▸ WORKING DATA
******************************
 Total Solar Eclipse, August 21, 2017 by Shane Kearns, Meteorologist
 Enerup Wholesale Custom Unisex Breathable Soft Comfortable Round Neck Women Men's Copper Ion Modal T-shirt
******************************
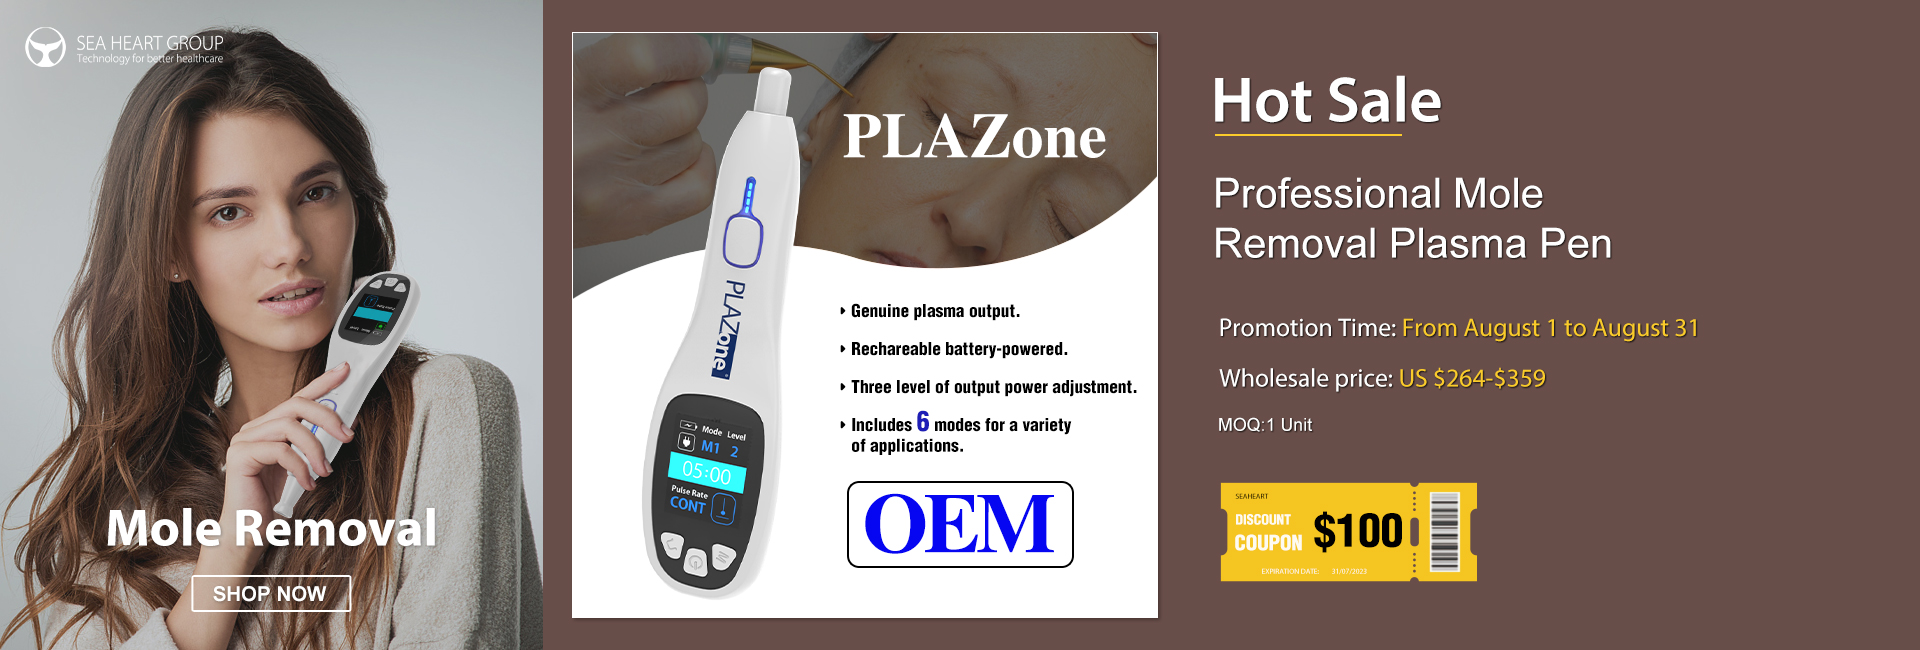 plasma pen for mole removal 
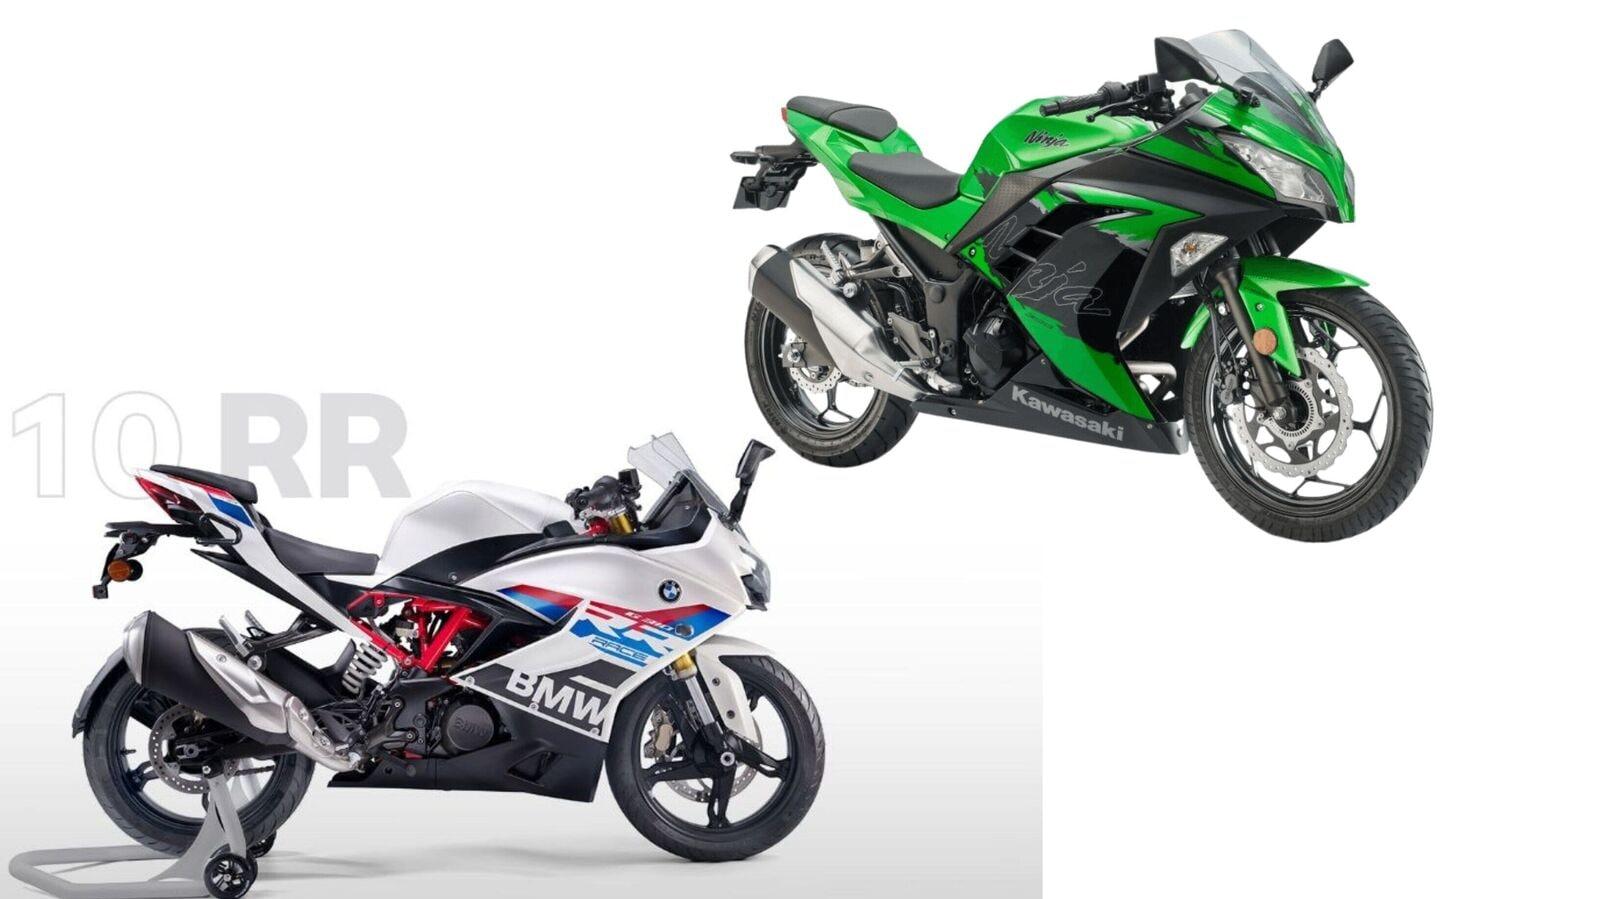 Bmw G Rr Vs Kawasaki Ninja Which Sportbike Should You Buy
******************************
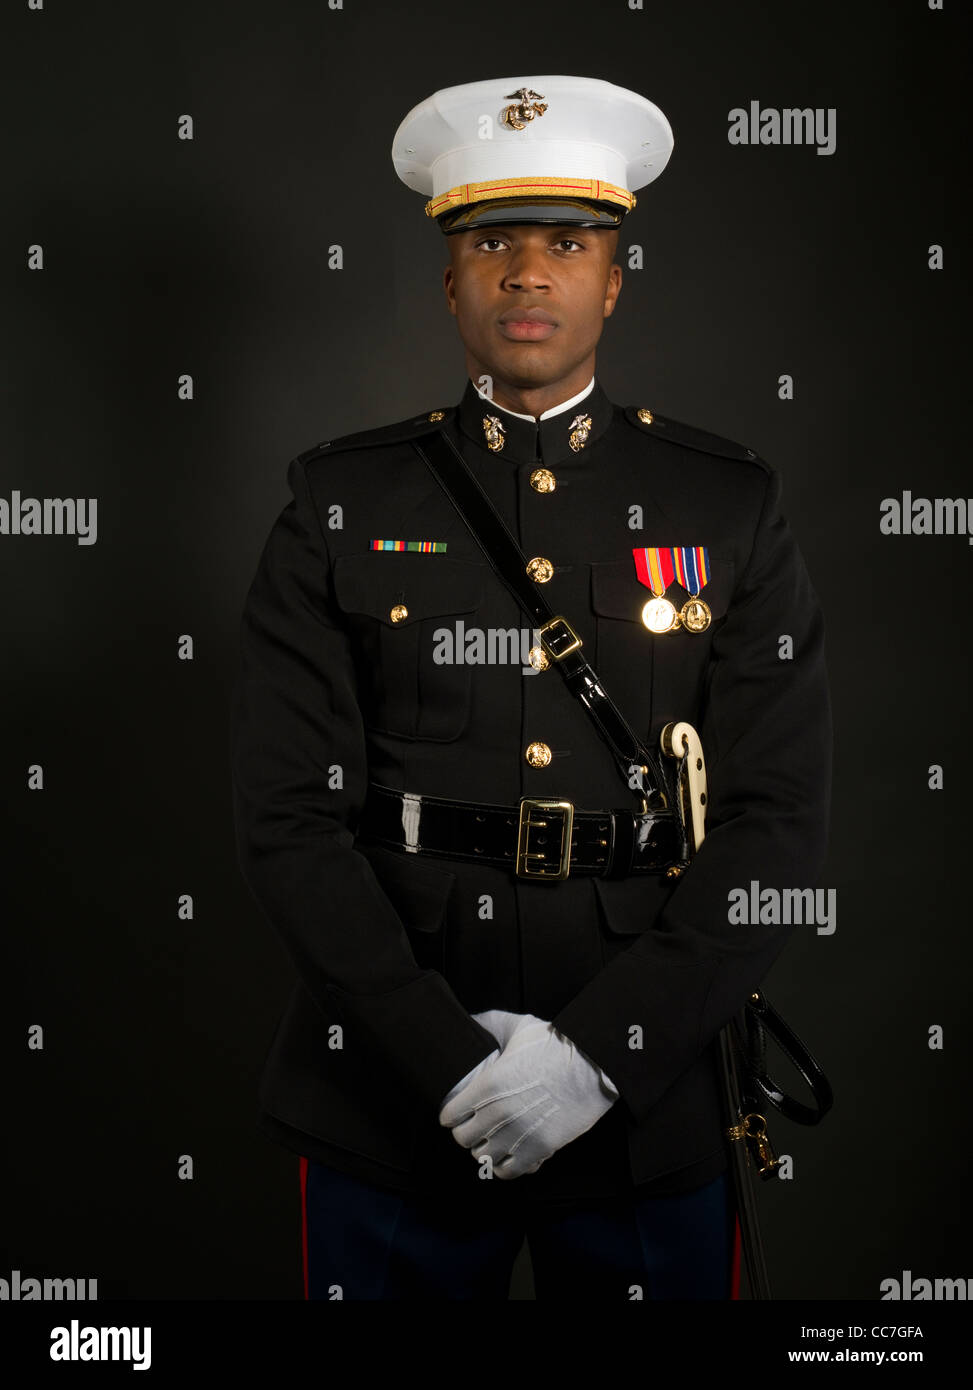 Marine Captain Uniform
******************************
▸ WORK TO BE COMPLETED
Output should consist of the lines above from the one with "plasma pen for mole removal" down to the one with "Bmw G Rr Vs", exact and without pictures.

▸ YOUR SOLUTION
 plasma pen for mole removal 
 Bmw G Rr Vs Kawasaki Ninja Which Sportbike Should You Buy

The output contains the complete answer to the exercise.